Ivy is an escalation of the intrusiveness of clover. Ivy is aggressively imposing. Taylor gets increasingly desperate to save her relationship with Karlie, even though the “time is near.” This is a known prearranged event on a date foreshadowed by spring. Karlie feels torn by the love she would die to keep, and the urgency of her imminent premeditated engagement.
Ivy blocks the sunlight. It chokes trees. Trees could be both ruining Kaylor and exposing or jeopardizing Karlie’s straight marriage. Something is approaching that causes everyone involved to feel tension and act audaciously.
Here, “Crescent moon, coast is clear” indicates it’s night, but darkness is illuminated by the moonlight. They are sneaking behind the husband’s back, because they cannot stay away from each other. The moon is mentioned as a light source, but it’s not a random choice in Ivy:
The crescent speaks to the changing phases of the moon that show time has passed in this affair, it shows the affair must change with time, and the moon phase shows the end of this romance is imminent due to the upcoming event. It ties to the changing seasons Taylor is already pointing out. Changing heart and vacillating resolve are also perfect descriptors of the characters in this song.

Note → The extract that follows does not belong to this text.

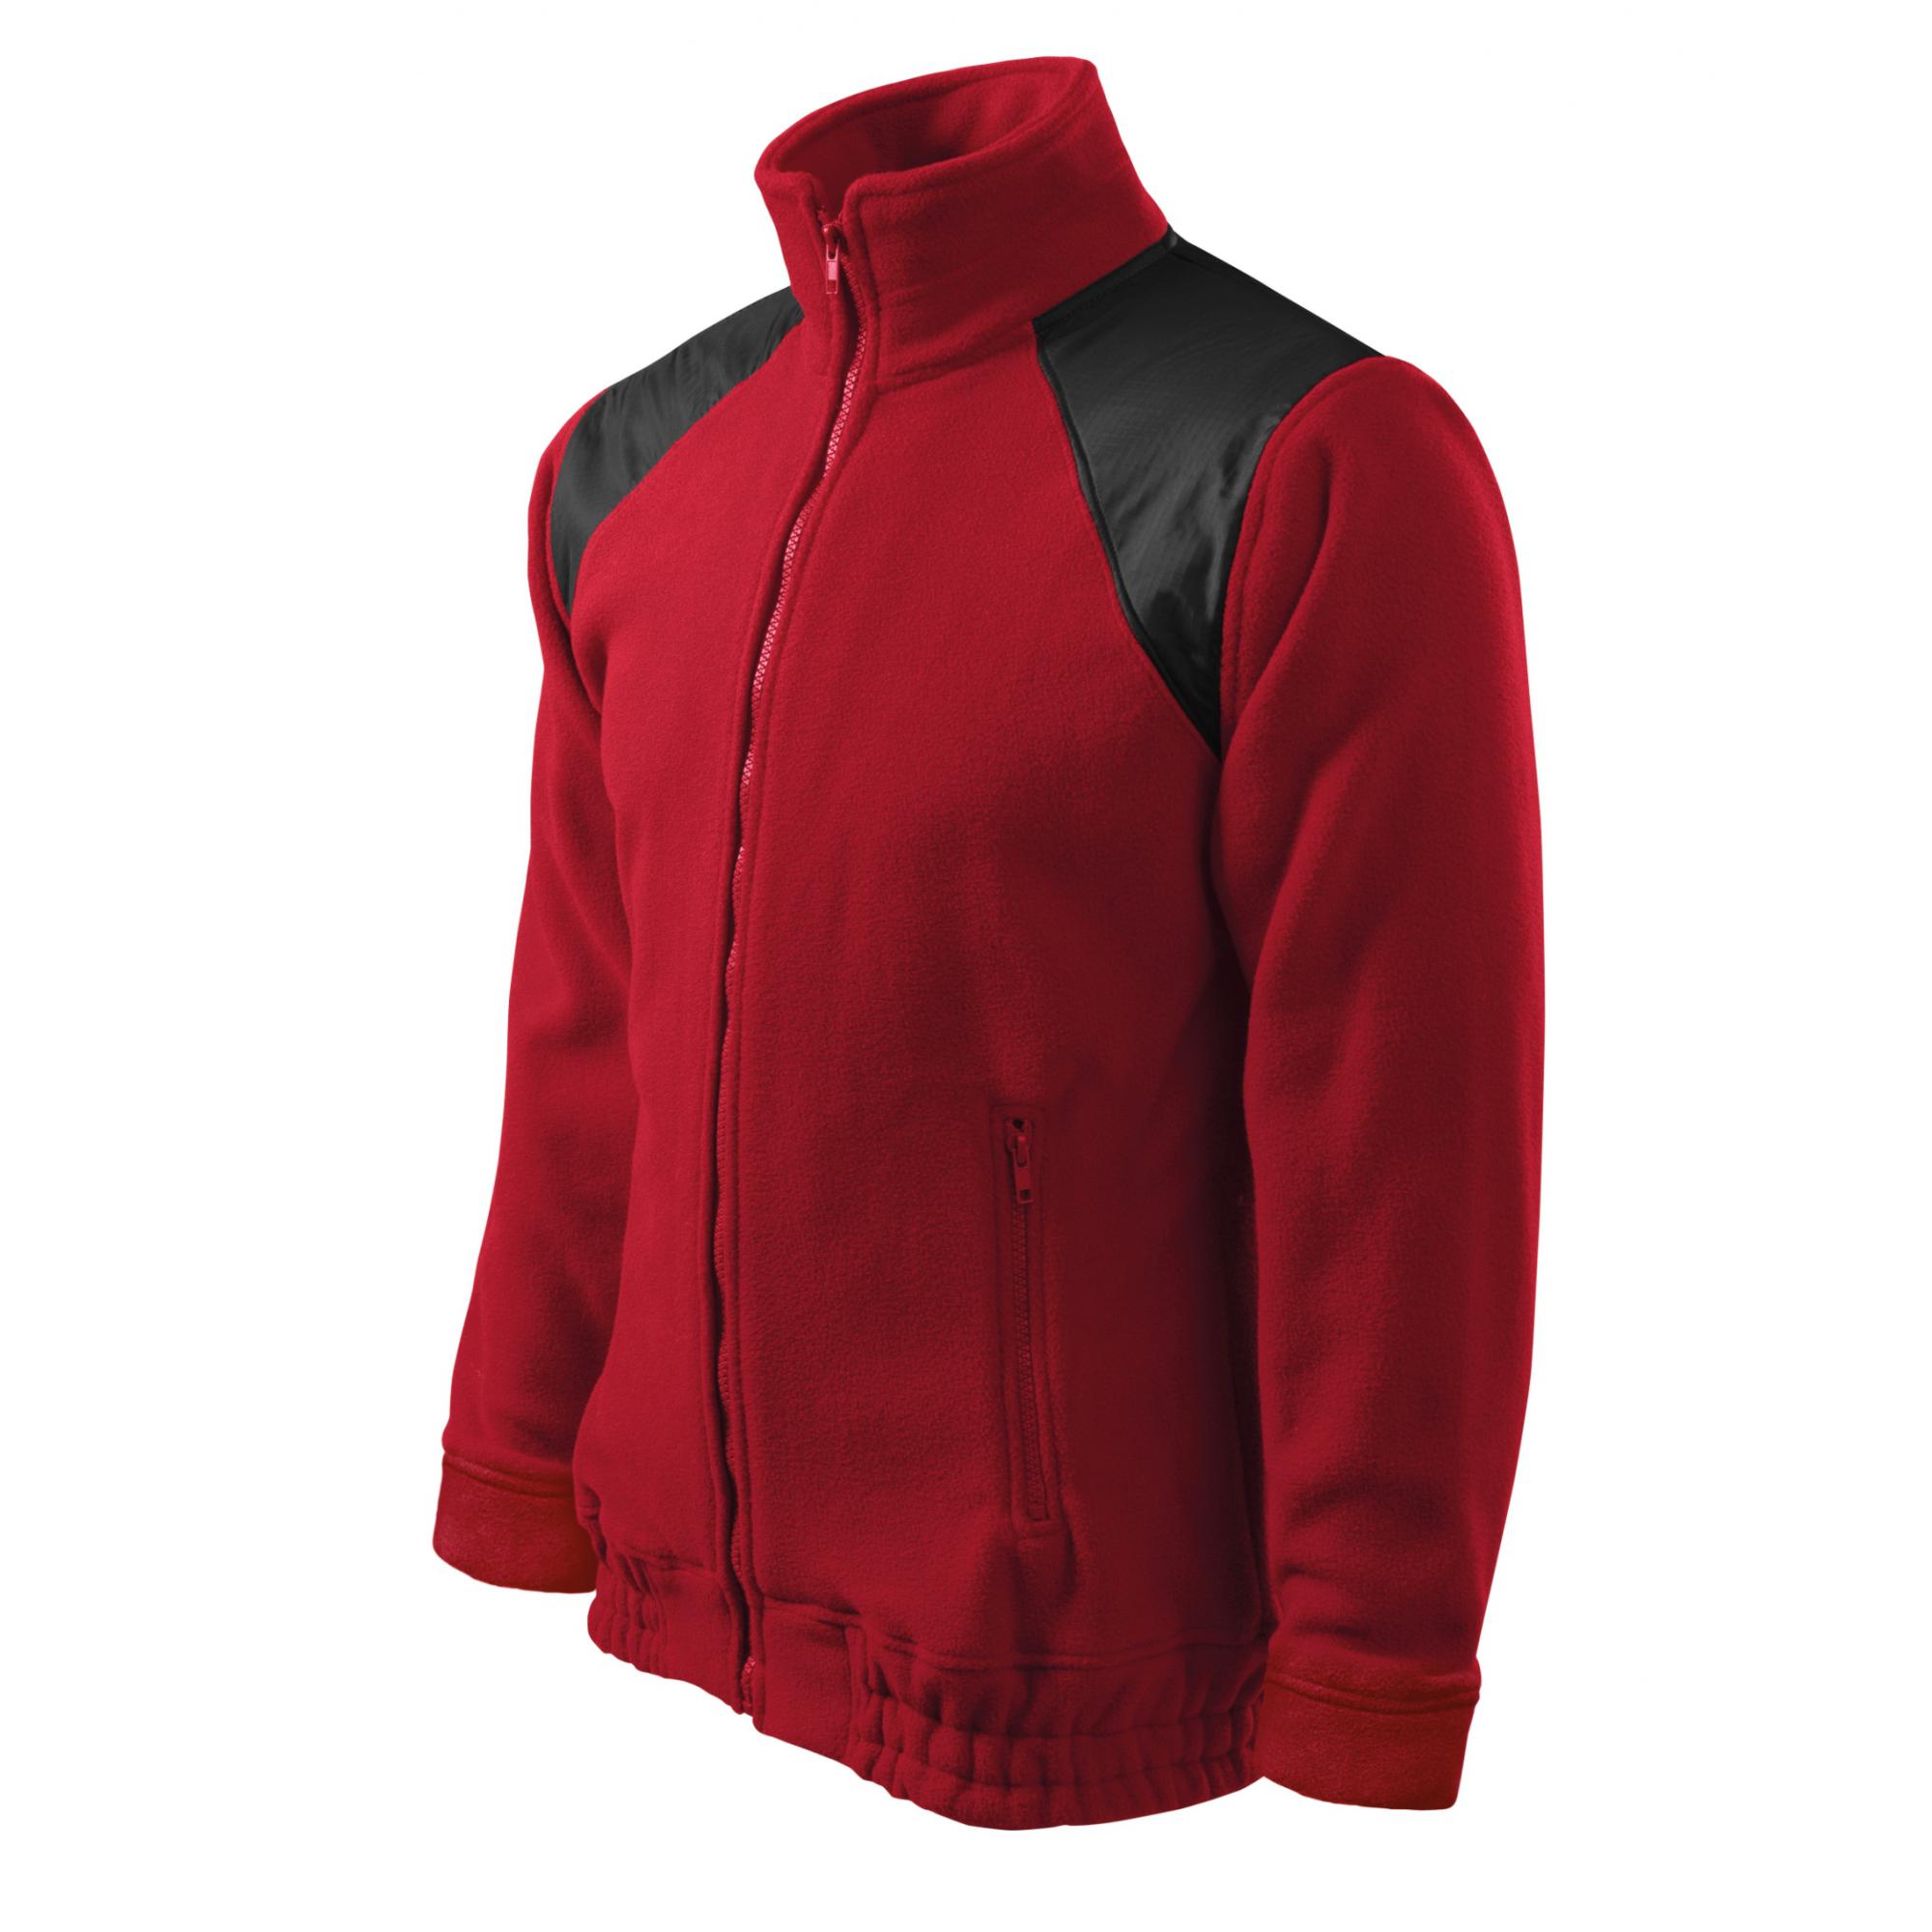 Jachetă fleece unisex Jacket Hi-Q 506 Rosu marlboro 3XL

Crescent is one phase from being away from the sun. In darkness. The song Ivy takes place in the spring, one phase away from the summer event that spells the end of Taylor and Karlie’s romance. Taylor will be away from sunshiny Karlie, in the dark depths of depression.
The looming event? This “second wedding” or “celebration of the Oct wedding” seems pivotal. Was it the final contract being signed? A covenant? This is what spring presaged, and this June date is when the affair would be in jeopardy:
Very Cowboy Like Me. It’s a little on the nose, in my opinion.
Interesting choice of movie. Gay. Cowboys??!
Reminder of the Question… lyrics:
Does it feel like everything’s just like second-best after that meteor strike?
Karlie’s life with Jo$h can’t compare to the Kaylor affair.
Together, Taylor and Karlie are otherworldly. The love makes Taylor who she is, and gets into her being, permanent like a tattoo. And the love was reciprocal. Karlie would die for Taylor. And like clover and ivy, the love covered everything, impacted both of their lives.
Coney Island
Taylor knows she left her lover (Karlie?) hanging. She knows Karlie used to be happy, but she made her depressed. Even though this is the central person in Taylor’s life–it’s Karlie she pictures in a crucial moment–she never acknowledges Karlie as her soulmate publicly. Taylor uses “universe” to show how far away she seems to her lover. Taylor’s priorities are misaligned pertaining to Kaylor, and that hurts Karlie. It makes Karlie feel depressed, neglected, lonely, awkward, and forgotten when Taylor does her celebrity thing (and the closeting that goes with it).
That’s what helped Karlie make her decision. Not only was there a prior obligation, but Taylor’s closeting was making Karlie heavyhearted. So the prior obligation won out in the end. Karlie “married” the guy or commissioned this heteronormative life. Now both Taylor and Karlie are dead inside, cold lifeless hands reaching out (“do you wish you could still touch her?”) grieving for the living.